Шрифт:
После нескольких пушечных выстрелов, сделанных мексиканцами, Фаннин решил, что дальнейшее сопротивление бесполезно. Он предложил Урреа условия капитуляции: техасцы считаются военнопленными со всеми вытекающими последствиями. Урреа не мог принять таких условий, но дал слово ходатайствовать о них перед Санта-Анной. Фаннин принял это неубедительное обещание.
Памятник на месте голиадской резни.
РЕЗНЯ В ГОЛИАДЕ
Люди Фаннина сложили оружие и под конвоем отправились обратно в Голиад. Всего к 22 марта в Голиаде было собрано свыше 300 пленных повстанцев. Из них около 50 раненых. К 25 марта к ним присоединились взятые в плен в Рефухио.
Урреа, отдадим ему должное, сдержал слово и написал Санта-Анне письмо с рекомендацией помиловать пленных. Санта-Анна ответил 23 марта приказом немедленно расстрелять «пиратов». В то же время мексиканский диктатор не верил в готовность Урреа выполнить приказ о массовой казни и продублировал приказ коменданту Голиада.
Этим комендантом был полковник Хосе Николас де ла Портилья. 26 марта он получил одновременно два противоречивших друг другу приказа. От Санта-Анны немедленно расстрелять мятежников, от Урреа обращаться с ними хорошо. Тут можно предположить, что Урреа просто подстелил своей репутации соломки, поскольку знал о приказе Санта-Анны, но не хотел, чтобы его имя было замазано казнью.
Портилья ожидаемо решил подчиниться высшему командованию. Утро 27 марта пленные невредимые техасцы были разделены на три колонны и двинулись по направлению к Сан-Антонио.
В условленных местах колонны были остановлены, охрана принялась расстреливать пленных. Считается, что было расстреляно около 350 человек. Включая Фаннина и его офицеров. Таким образом, общие потери повстанцев при наступлении Урреа достигают 600 человек — втрое больше потерь Аламо и почти вдвое больше, чем вся собравшаяся в Гонзалесе «армия» Хьюстона.

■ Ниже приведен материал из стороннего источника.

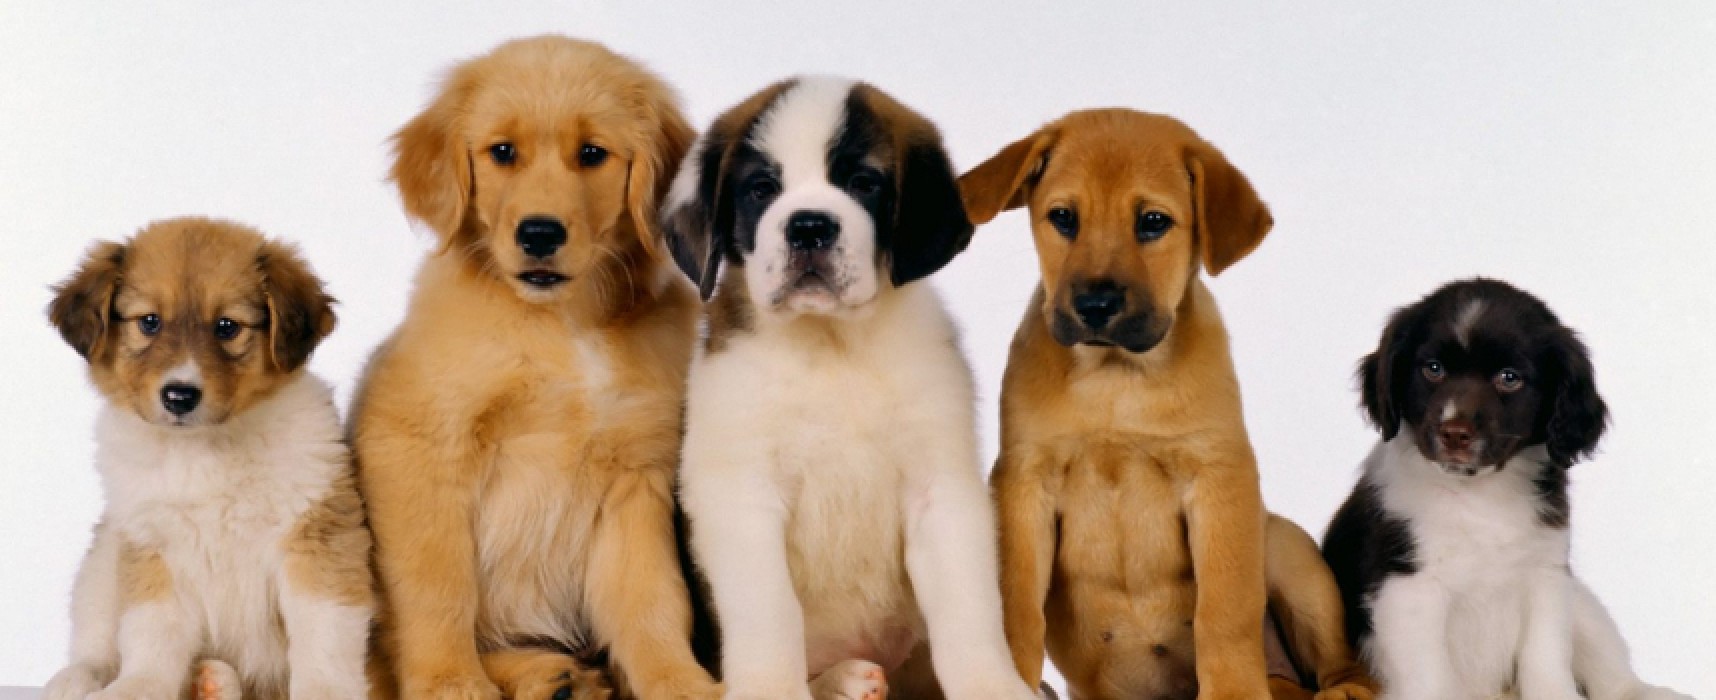 Interact e Rotary Bisceglie, prima edizione di “Una notte da cani”, l’evento dedicato agli amici a quattro zampe
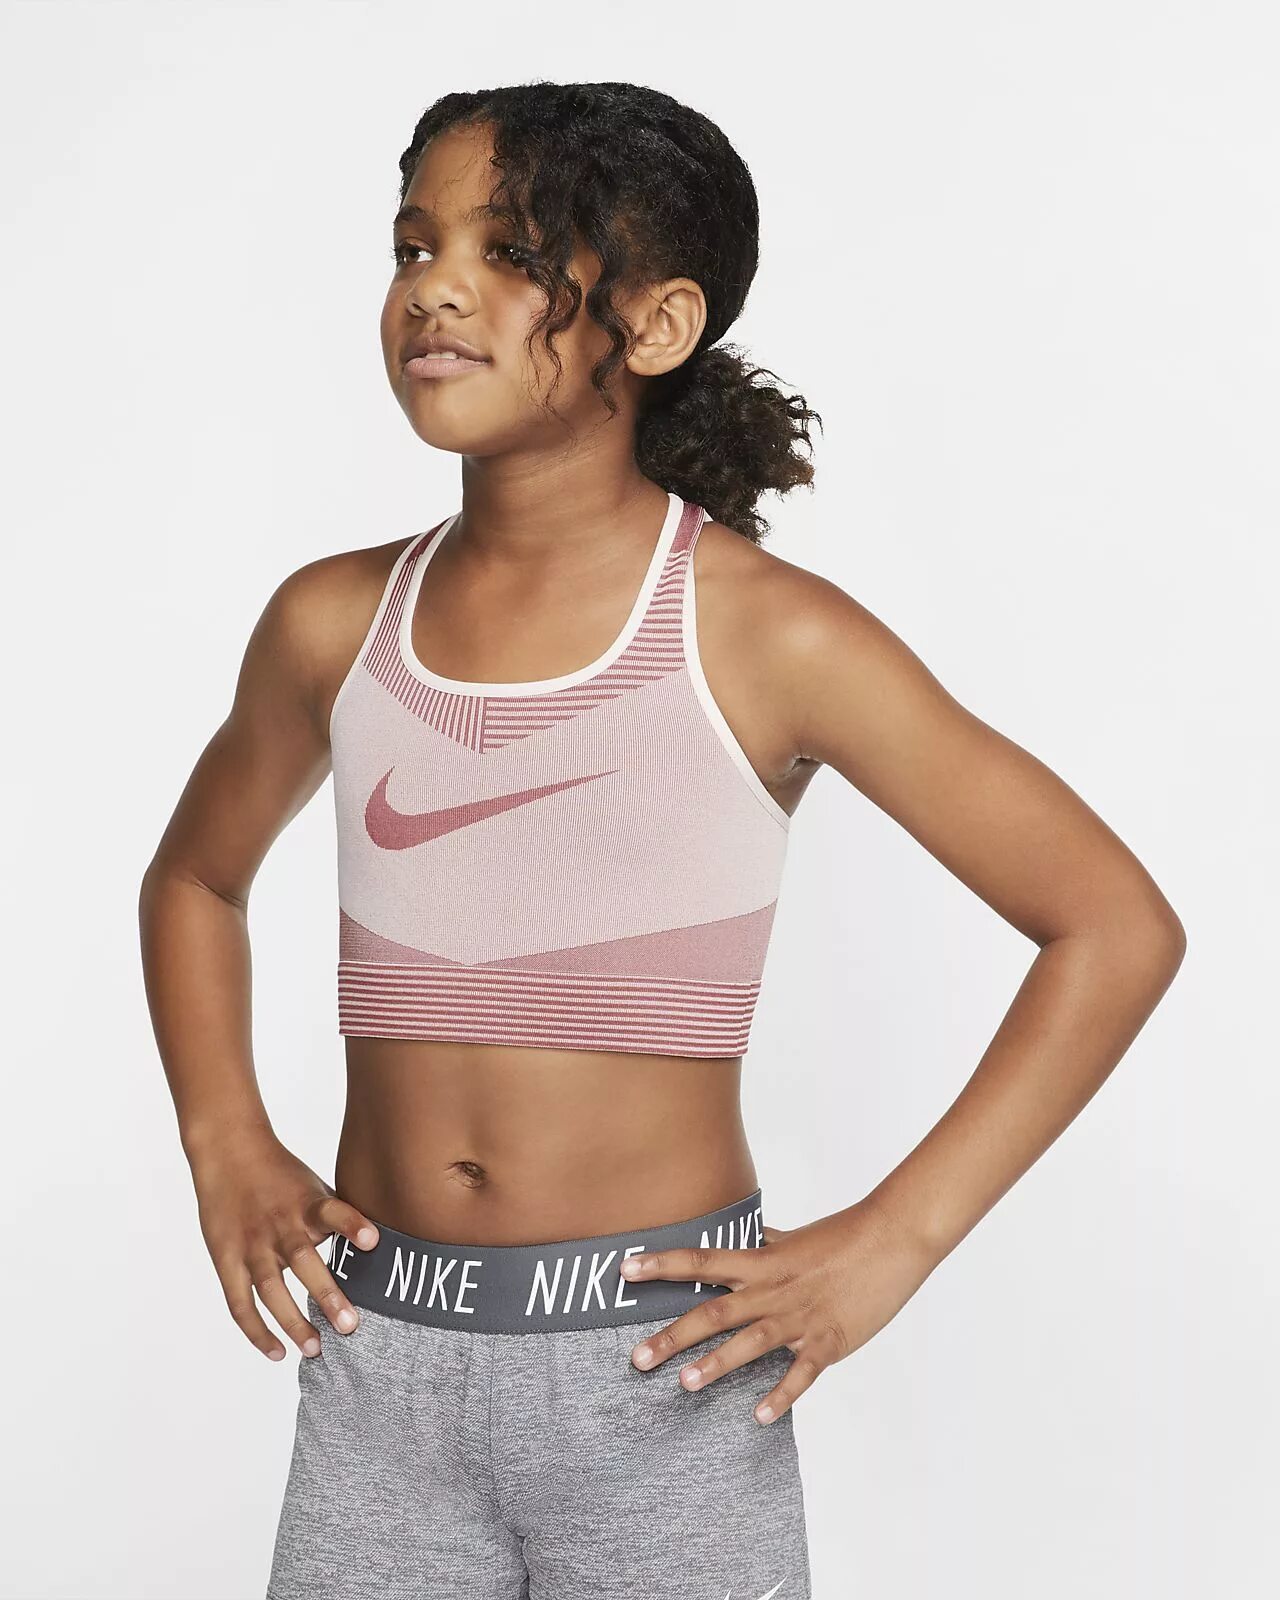 Топик 11 лет. Спортивный топ бра Nike. Спортивный топ для девочки. Топик для девочки 12. Топик для девочки 10 лет.

В 1930 году бойскауты обнаружили обгорелые кости. Было принято решение, что это останки расстрелянных под Голиадом. В 1936 году, к столетию событий, были выделены средства на строительство монумента из розового гранита. Памятник открыт в 1938 году.
Армия Техаса, 1836 г.
ГЛАВА 6. ВЕЛИКИЙ ИСХОД
Если мексиканский генерал Санта-Анна претендовал на титул «Наполеон Запада», то его оппонент Сэм Хьюстон вполне заслужил прозвище «Техасский Кутузов». Полтора месяца между падением Аламо и сражением при Сан-Хасинто в миниатюре напоминают первый период Отечественной войны 1812 года. Одна армия бежит, другая ее ловит.
В то же время в историю Техаса этот период вошел под названием «Runaway Scrape», которое я бы интерпретировал как «Великий исход» — всё англоязычное население Техаса дружно снималось с места и бежало на восток к границам США. Горели города и фермы, бросалось имущество.
На рубеже марта-апреля 1836 года техасский мятеж казался подавленным. Особенно после февральско-мартовских поражений повстанцев.
Карта маршрутов Сэма Хьюстона и Санта-Анны.
В СЕРЕДИНЕ МАРТА
Кратко обрисую обстановку, сложившуюся в середине марта 1836 года.
Армия генерала Санта-Анна заняла Сан-Антонио и взяла штурмом Аламо 6 марта. При штурме повстанцы потеряли до 250 человек (см. 4 главу).
Параллельно в прибрежном районе вел наступление мексиканский полковник Урреа (см. 5 главу). В феврале он разбил около 200 повстанцев. А 20 марта принудил к капитуляции основную группировку техасского полковника Фаннина. Общие потери повстанцев на этом фланге достигали 700—800 человек. Итого техасцы потеряли до тысячи бойцов — больше, чем позже у них было в решающем сражении.
Между правительством Техаса в Вашингтоне-на-Бразосе и двумя армиями мексиканцев (имеющих вместе несколько тысяч солдат) оставалось всего 374 добровольца Сэма Хьюстона в Гонзалесе. Положение представлялось более чем безнадежным. Выход был только один — бежать.
Неорганизованное и пока не всеобщее бегство англоязычного населения началось еще в январе, при первых слухах о наступлении Санта-Анны. Но по-настоящему все побежали после того, как в Гонзалес прибыла из Аламо вдова погибшего там капитана Дикинсона. Ее рассказ о расстрелах, о приказе Санта-Анны пленных не брать, а позже и сведения о резне в Голиаде внушили тот самый ужас, на который рассчитывал мексиканский диктатор.